Results African Americans had more coronary risk factors, more markers of poor outcome after MI, and were less likely to be revascularized when compared with white patients. After adjusting for treatment assignment, baseline characteristics, and post-infarction parameters, no difference was found in the 3-year rate of all-cause mortality, cardiovascular mortality, rehospitalization for HF, recurrent MI, or stroke between the 2 groups.
Conclusions African Americans sustaining an acute MI with LVSD and/or HF had similar clinical outcomes compared with white Americans. Valsartan, captopril, or the combination had comparable effects on cardiovascular morbidity and mortality in African Americans and white Americans.
Heart failure (HF) and/or left ventricular systolic dysfunction (LVSD) frequently complicate acute myocardial infarction (MI), and significantly worsen the prognosis of patients with coronary heart disease (CHD) (1). African Americans with CHD have the highest mortality rates and have shown slower declines in CHD mortality relative to white Americans (2). African Americans also have disproportionately higher rates of HF, and the diagnosis carries higher morbidity (3–5). Compared with white patients, overall mortality among African Americans with HF is higher. Because the incidence of MI in African Americans is thought to be lower than in white patients, a higher incidence of hypertension is often cited as the dominant cause of HF.

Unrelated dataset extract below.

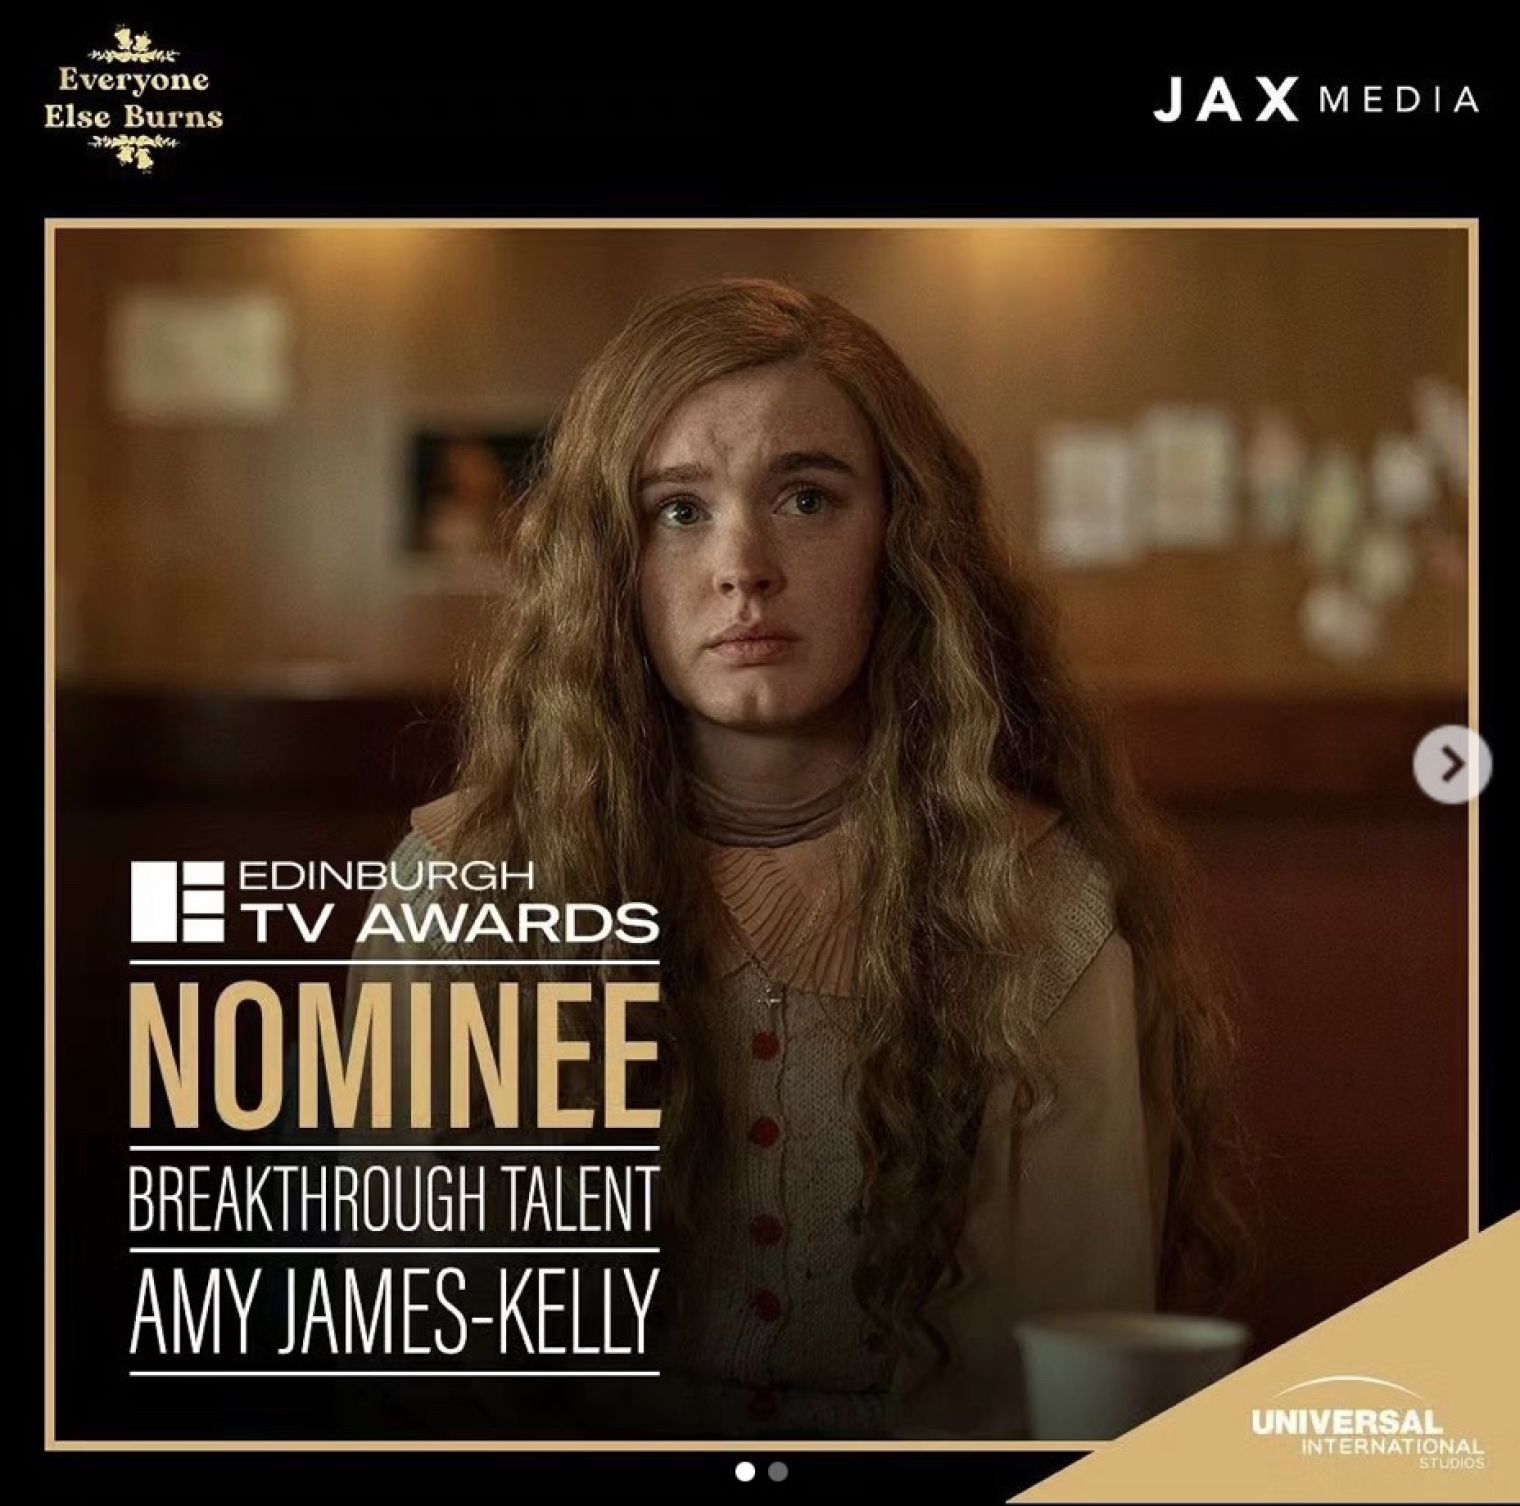 Amy James-Kelly has been nominated for Breakthrough Talent in this year’s prestigious Edinburgh TV Awards
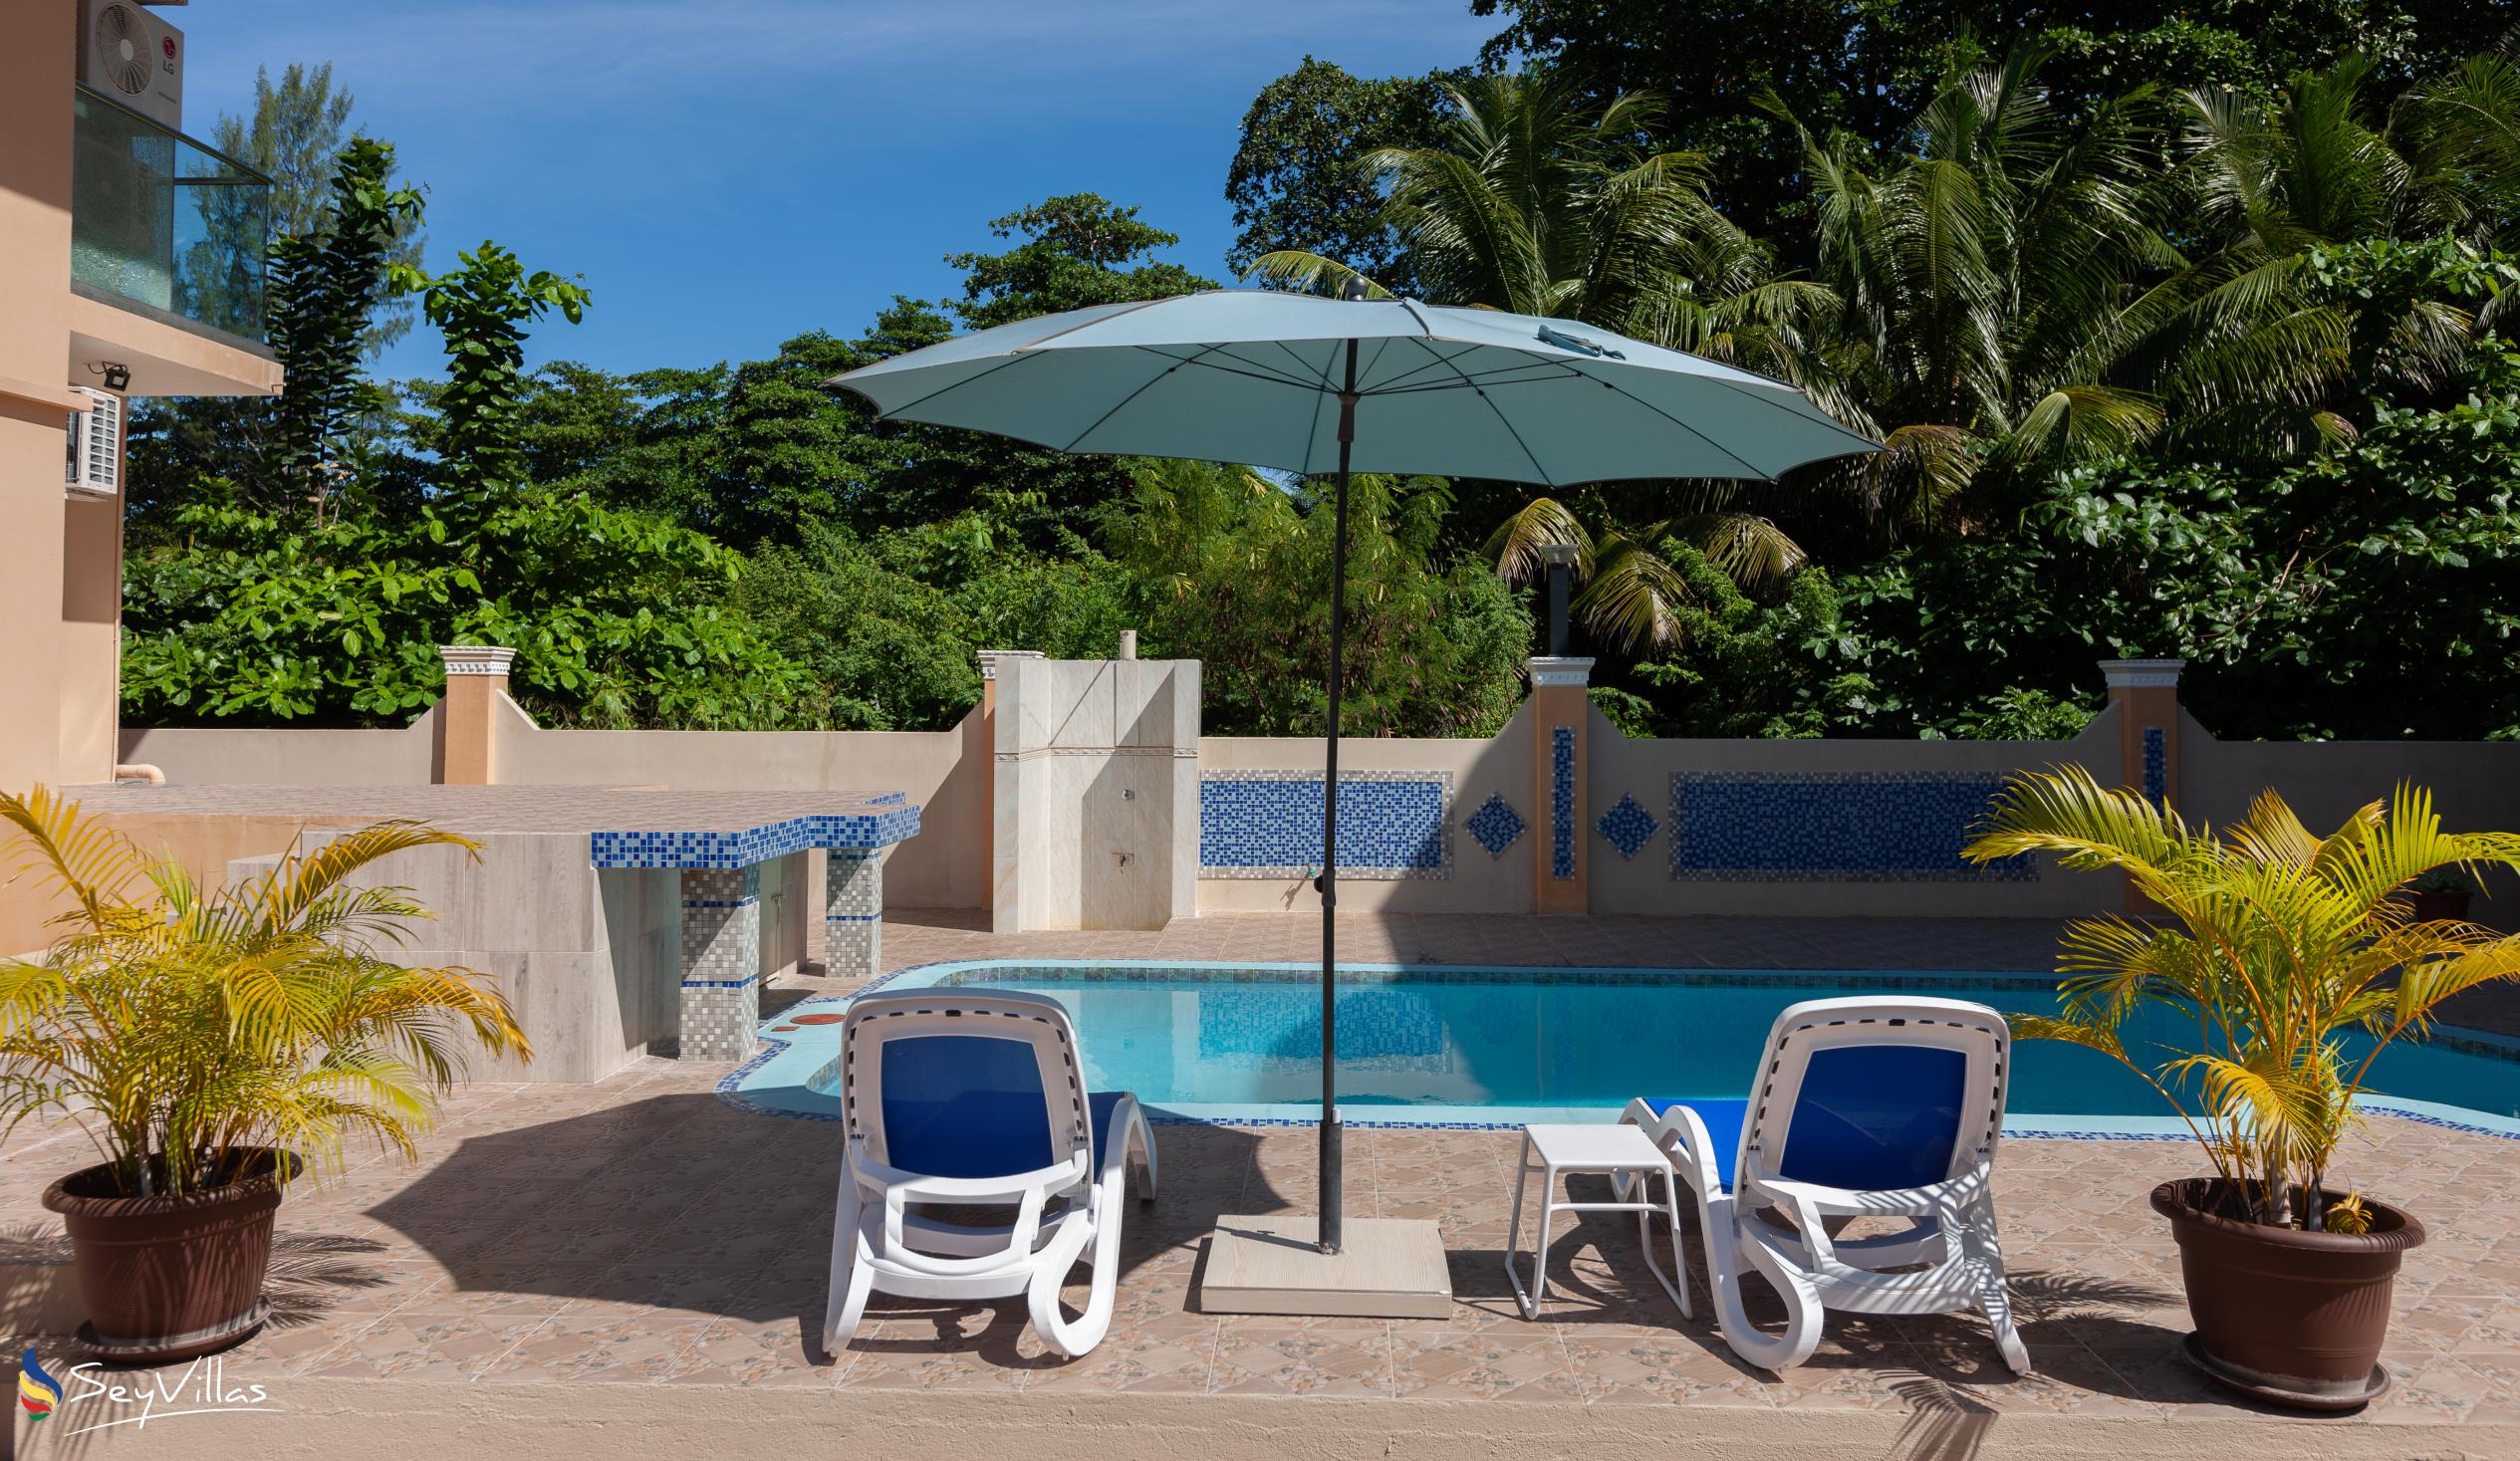 Photo 3: Stone Self Catering Apartments - Outdoor area - Praslin (Seychelles)

Several large randomized controlled trials have shown that angiotensin-converting enzyme (ACE) inhibitors reduce mortality and other adverse outcomes in the treatment of acute MI with LVSD (6–12). The efficacy of neurohormonal antagonists, specifically ACE inhibitors, in African-American patients has been questioned given several clinical trials showing a diminished effect on blood pressure and prevention of HF in African-American patients treated with ACE inhibitors compared with white Americans (13). Additionally, retrospective analyses have suggested that ACE inhibitors are less effective in African Americans with chronic HF based on higher hospitalization rates on treatment for African Americans compared with white Americans (4,14). Prior studies have not examined the effect of angiotensin receptor blockers (ARBs) or the combination of ACE inhibitors and ARBs in African-American HF patients relative to similarly treated white Americans. The VALIANT (VALsartan In Acute myocardial iNfarcTion trial) studied 14,703 patients and compared the effectiveness of an ACE inhibitor, ARB, and their combination among patients with MI complicated by LVSD, HF, or both (12). Acute MI was diagnosed by a typical clinical presentation and/or electrocardiographic changes and abnormal cardiac markers. For overall mortality and the rate of death from cardiovascular causes, reinfarction, or hospitalization for HF, valsartan was as effective as captopril. There was no added benefit for combining the drugs.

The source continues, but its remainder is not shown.